Com as tecnologias de controlo digital atrás focadas, relacionadas com a incorporação crescente da tecnologia no trabalho ou de identificação e produção de dados sobre a população em geral, produz-se um processo de vigilância em massa da população ou no interior das organizações do trabalho, designado por Zuboff (2015, 2019) como “capitalismo de vigilância”, com consequências sociais e políticas relativas ao modo como se alteram os pressupostos de cidadania, o que põe em causa as normas e os princípios democráticos, bem como as liberdades civis, o exercício da cidadania e o direito à privacidade em locais públicos (Lyon, 2007; Fróis, 2008; Zuboff, 2015).

As alterações nos tempos de trabalho

Em profissões sujeitas a uma elevada pressão para o desempenho, verifica-se a tendência, variável em função dos contextos organizacionais e profissionais, para a intensificação da carga e dos ritmos de trabalho, associados à crescente subordinação das práticas profissionais à redução dos prazos de cumprimento das tarefas, resultante da exigência de maior produtividade e volume de trabalho realizado no menor tempo disponível, associados a respostas profissionais imediatas, sob a pressão da produção rápida. A intensificação da carga e dos ritmos de trabalho está na origem de alterações significativas relacionadas com diferentes dimensões dos tempos de trabalho que se expressam na extensão, irregularidade e flexibilidade dos horários, com consequências na sobreposição entre tempo de trabalho e tempo livre, que estabelece fronteiras mais diluídas entre a esfera do trabalho e as outras esferas da vida dos indivíduos. As alterações relacionadas com as várias dimensões dos tempos de trabalho constituem uma das principais transformações do trabalho nas sociedades contemporâneas, com um vasto alcance e significado que, no limite, marcaria, segundo Anttila et al. (2015), uma transição entre um regime de tempo de trabalho industrial para um regime de tempo de trabalho pós-industrial.

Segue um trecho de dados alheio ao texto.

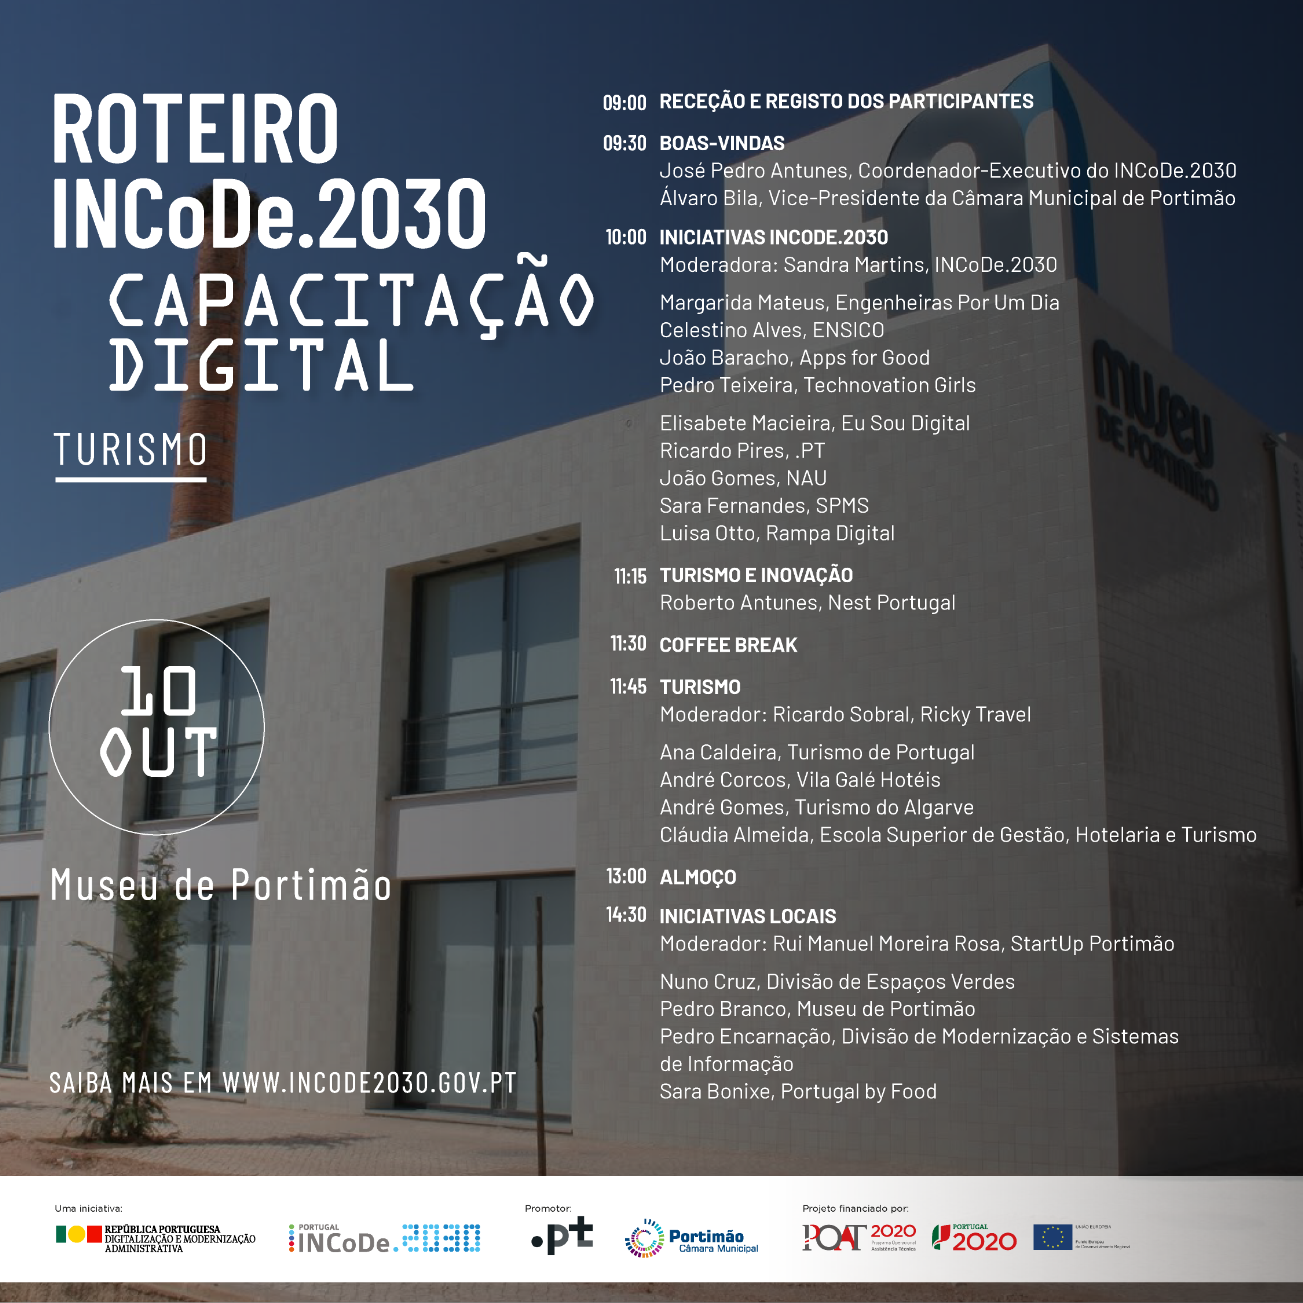 Portimão recebe Roteiro INCoDe.2030 dedicado ao Turismo
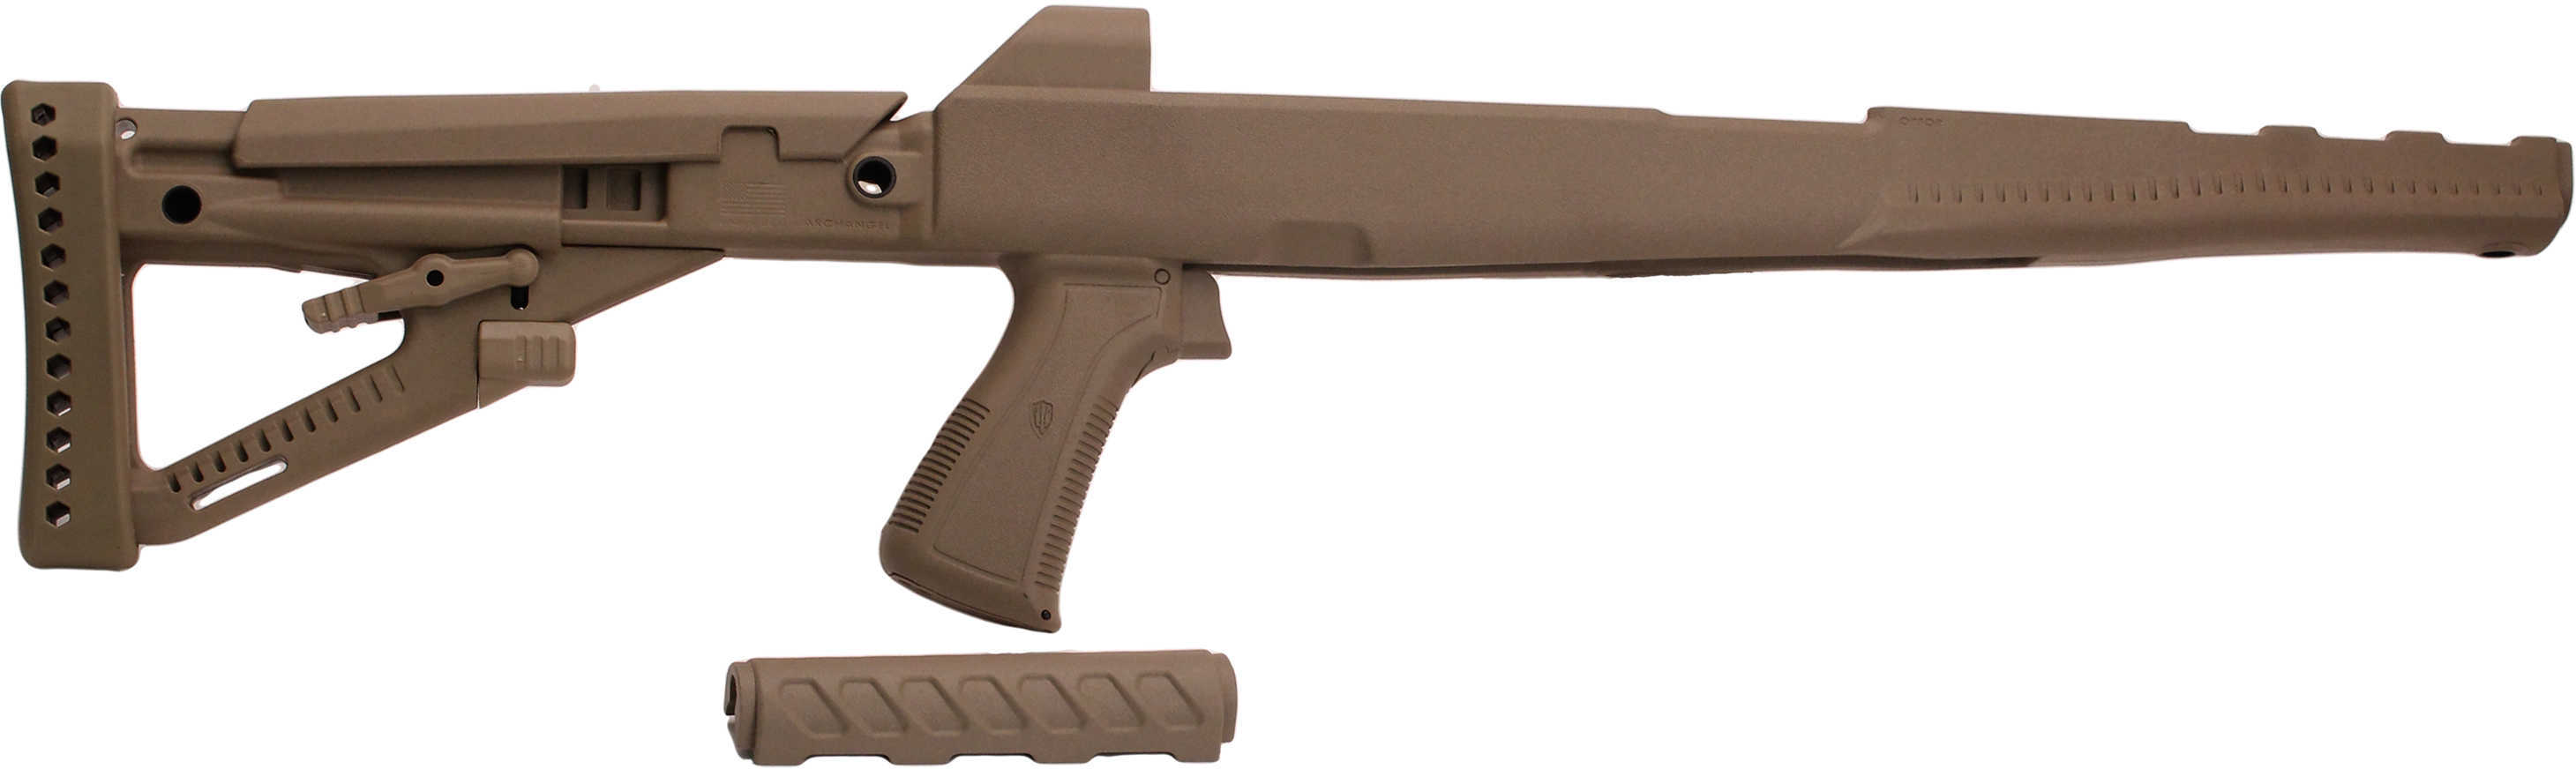 ProMag Archangel OPFor Pistol Grip Coversion Stock For SKS Tan Md: AASKS-DT

Uma consequência direta da intensificação da carga e do ritmo de trabalho, refletida na extensão do tempo de trabalho e, em geral, na pressão do tempo a que os profissionais estão sujeitos, começa por residir numa das dimensões do tempo de trabalho que se reporta ao elevado número de horas de trabalho diário. Um dos fatores que, em determinados contextos profissionais, contribui significativamente para o alargamento do tempo de trabalho é a acumulação do exercício profissional (atividade profissional complementar à atividade profissional principal), que em alguns casos atinge uma grande dimensão, como sucede no domínio da saúde em geral (Carapinheiro e Lopes, 1996; Tavares, 2007).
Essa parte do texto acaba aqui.